The N17 domain of the Huntingtin gene, which regulates nuclear export of mHtt has been suggested to play a pivotal role in mutant Htt aggregation and dysfunction [3746]. Earlier studies in animal models of HD have explored how deletion of the N17 domain (ΔN17) influences mHtt nuclear inclusions and the manifestation of HD-like phenotypes [47,48]. Here we sought to determine whether N17 deletion in BACHD and BACWT mice results in exacerbation of structural and functional changes to dorsolateral striatal MSNs compared to WT. The key findings of the study were that: Q97 mice exhibit impaired gait and righting reflex but normal tail suspension reflex and normal coat while Q31 mice do not differ from WT; with a few exceptions, intrinsic membrane and action potential are altered in MSNs from Q97 but not Q31 mice; excitatory and inhibitory synaptic currents exhibit higher amplitudes Q31 but not Q97 MSNs while excitatory synaptic currents occurred at greater frequency in Q97 than in WT and Q31, and; there is a reduced total dendritic length in Q31 -but not Q97- MSNs compared to WT, while spine density and number did not differ between the three groups.

Motor phenotypes and weight reduction in Q97 but not Q31mice

Weight loss and reduction in volume of the striatum, motor cortex and other brain structures occur during HD progression [712,56]. Some HD models (e.g. R6/2 and Q175+/-) exhibit weight loss but other models (e.g. YAC128 and BACHD) actually weigh more, not less, than WT littermates [31,5762]. By contrast to these differences in weight loss phenotypes, HD mouse models consistently exhibit reductions in brain weight over the course of disease progression [31,5762]. Q97 mice have previously been reported to weigh more than WT mice at 2–6 months of age, by 9 months of age they exhibit significant weight loss [48] reminiscent of models such as the R6/2 and Q175+/- [31, 57]. In the present study, male Q97 mice weighed significantly less than both Q31 and WT males whereas female Q97 mice did not differ from either of the other cohorts at 9 months of age. By contrast, both female and male Q97 mice showed significantly lower brain weight. In their initial assessment of ΔN17-Q97 mice, Gu et al., (2015) reported major motor phenotypes -including chorea/dystonia-like movements observed during gait assessment beginning at 7 months of age that seemed reminiscent of choreiform movements seen in HD and never before reported in mouse models of the disease. The health and motor phenotypes observed here were markedly less pronounced compared to those reported earlier [48]. Thus, nine-month-old Q97 (but not Q31) mice in the present study exhibited modest dysfunctional motor phenotypes but had normal coats and did not exhibit the marked chorea/dystonia phenotype reported previously in 7-10-month-old Q97 mice [48]. This difference in motor phenotype is puzzling, since it cannot be accounted for by a difference in age or in genotype of the experimental subjects.

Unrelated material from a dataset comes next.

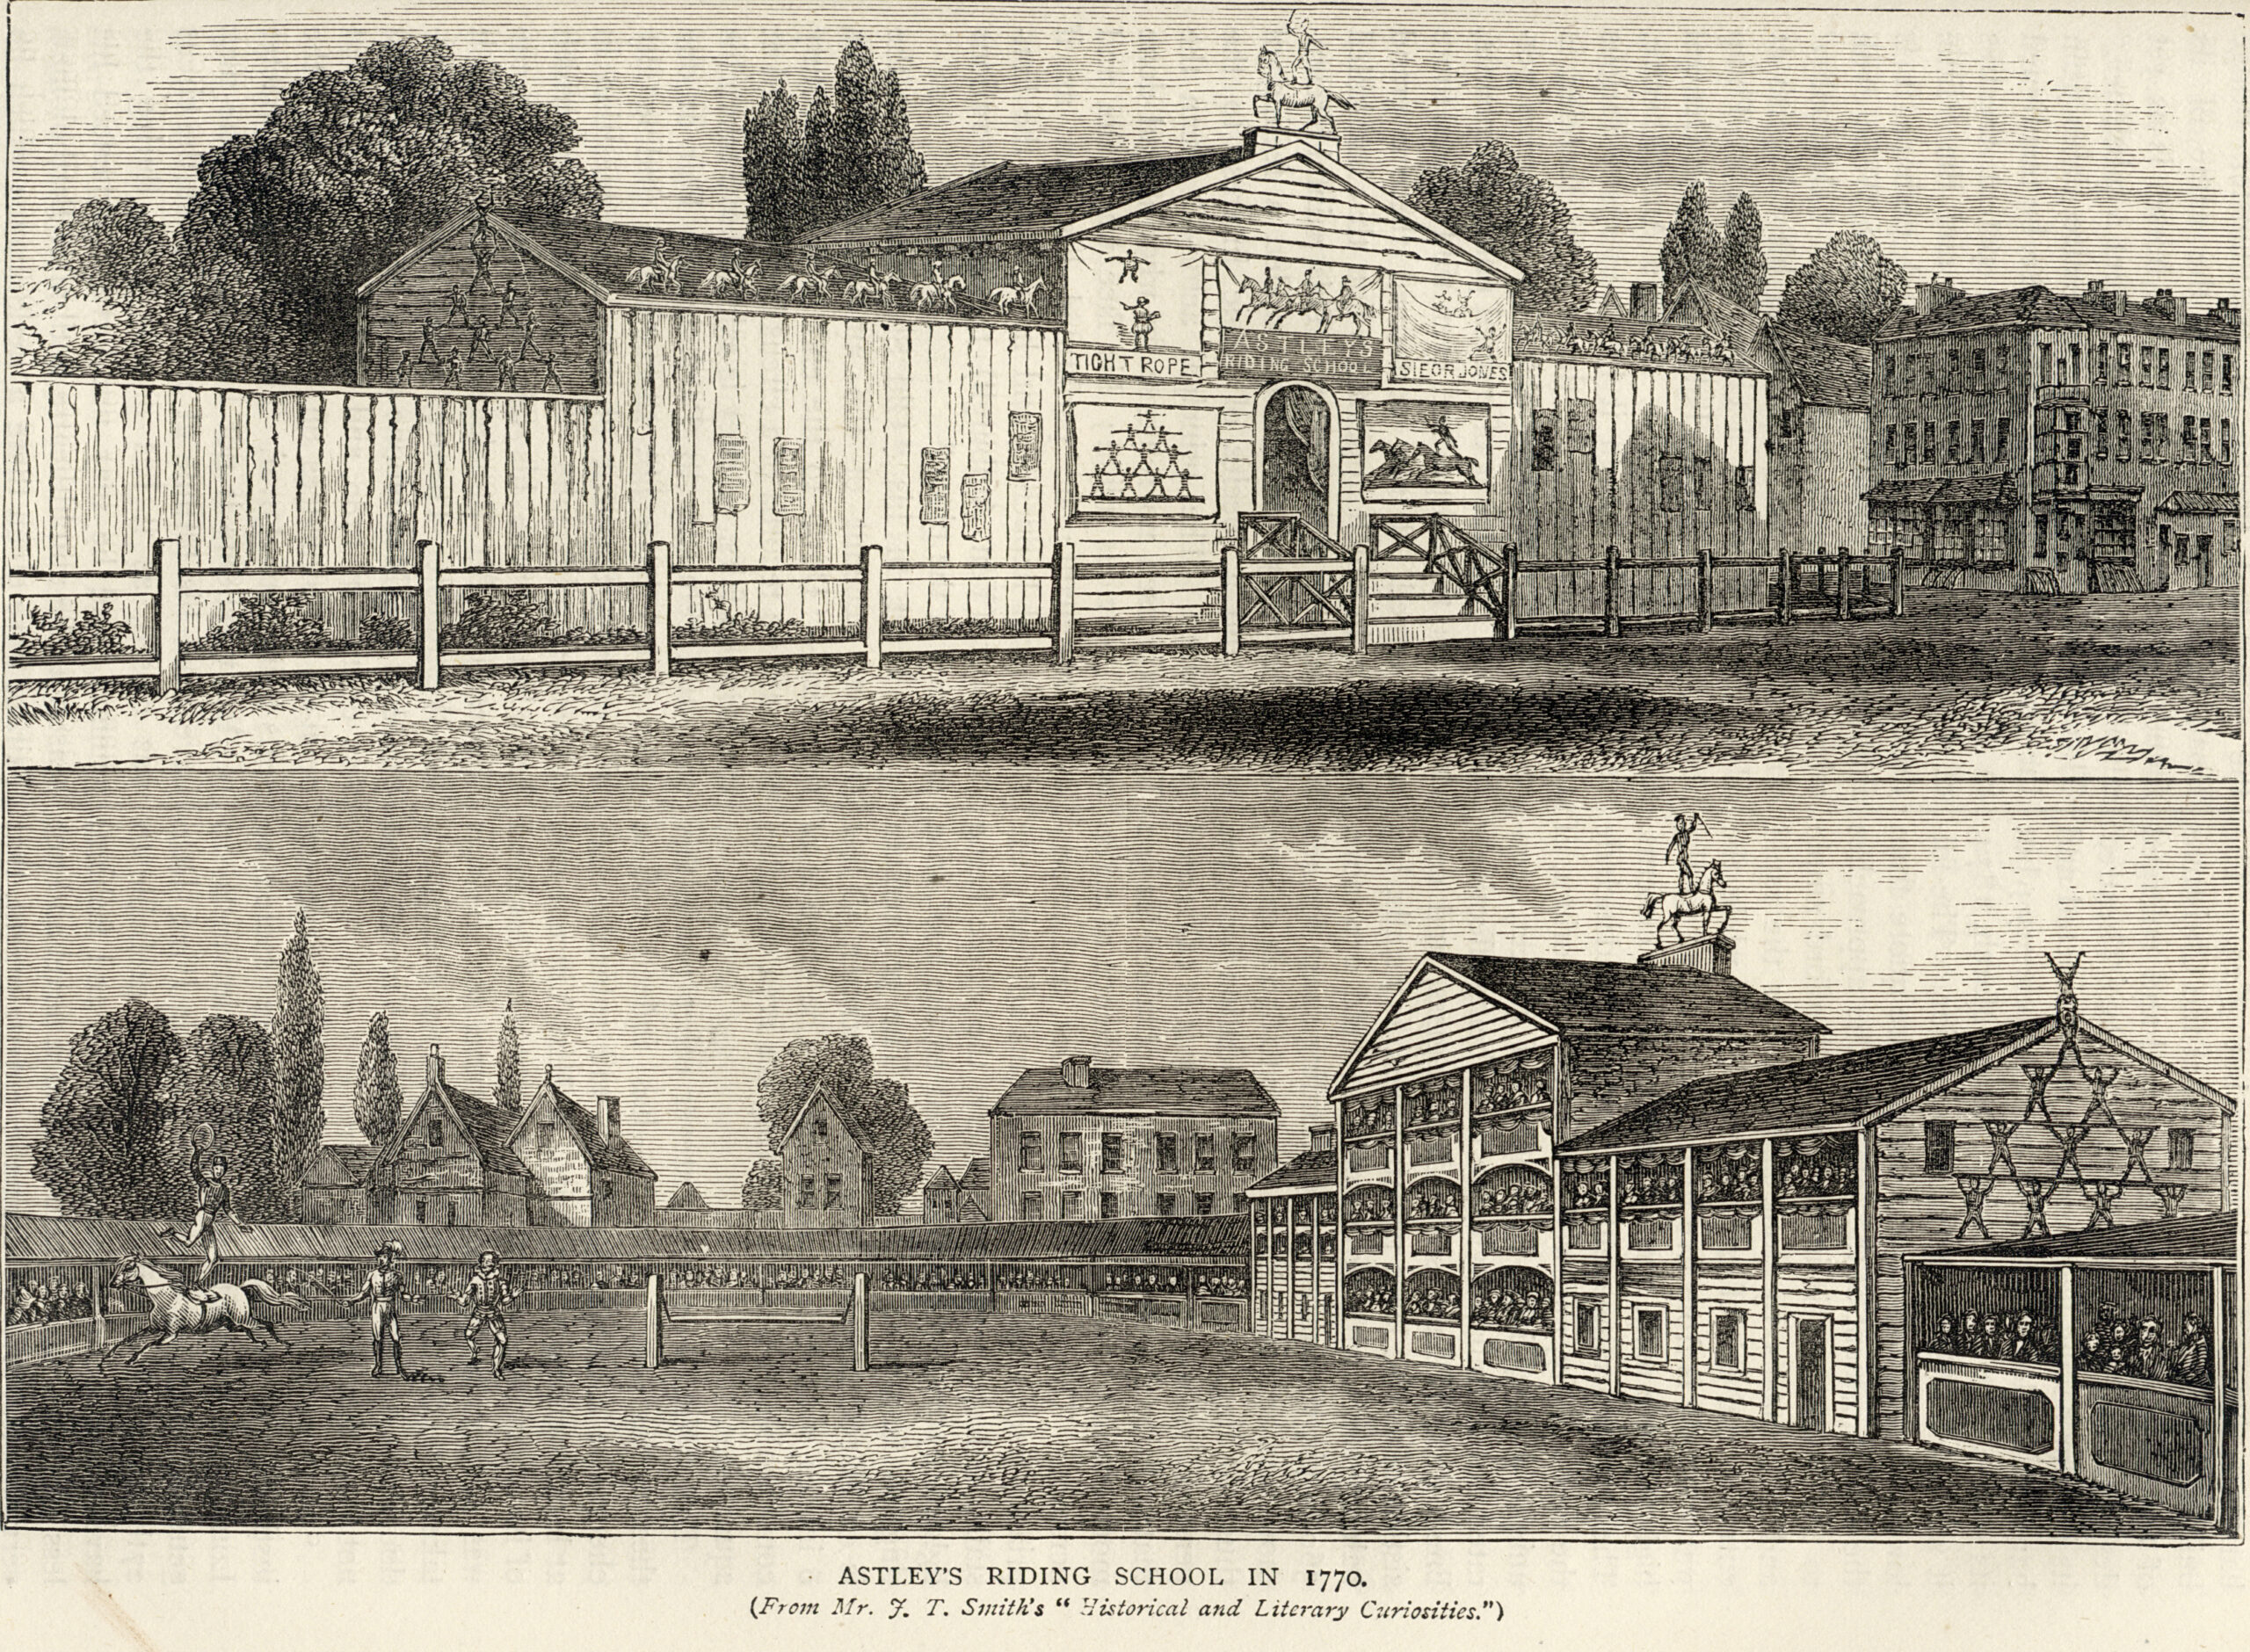 Black and white print showing two views of Astley's circus, an open arena in which a display of horse agility is taking place, with viewing stands. On the roof of the central is a statue of a horse with a man standing on it. Houses and trees either side of the site.

Changes to Q97 MSNs intrinsic membrane properties are consistent with other HD models

Electrophysiological assessment of MSNs in the R6/2 and Q175 HD mouse models have established consistent changes to intrinsic membrane properties including increased input resistance, reduced rheobase, altered action potential kinetics and decreased excitatory postsynaptic current frequency [2833,53]. Consistent with these previous findings, MSNs in the striatum of Q97 mice exhibited significantly increased input resistance, reduced rheobase, and reduced EPSC frequency. Similarly, markedly increased adaptation of action potentials firing at higher current steps suggests a reduced dynamic range of Q97 MSNs that has also been observed in the symptomatic R6/2 model [28]. This increase in adaptation if present in vivo would be expected to alter network behavior within the striatum and in the cortico-striatal-thalamo-cortical circuit. As with alterations to MSNs seen in other HD models, changes to the intrinsic membrane properties of MSNs in Q97 mice are likely due to changes in ion channel expression. Indeed, in the R6/2 and Q175 mouse models, reductions in conductance of inward and outward rectifying potassium channels has been reported [6366]. In the Q175, proteomic analyses have also revealed reductions in the expression of potassium channels including the inward rectifying potassium channel, Kir2.3 [67]. It is not known whether MSNs in BACHD mice undergo similar changes to potassium channel conductance and expression, but gene expression analyses of the BACHDΔN17 showed reduction in the expression of multiple potassium channels including: Kir2.3, Kv11.1, Kv8.1, and TREK-1 [48]. If the BACHD does indeed lack changes to potassium channel expression, it is possible that the deletion of the N17 domain and subsequent nuclear inclusion of mHtt species underlie changes to gene expression contributing to a reduction in potassium channels and changes to passive properties reported here in the BACHDΔN17, but not BACHD. Further genetic and proteomic comparison of BACHD and BACHDΔN17 mice are necessary to understand how the N17 domain may contribute to abnormal gene expression in these mouse models of HD.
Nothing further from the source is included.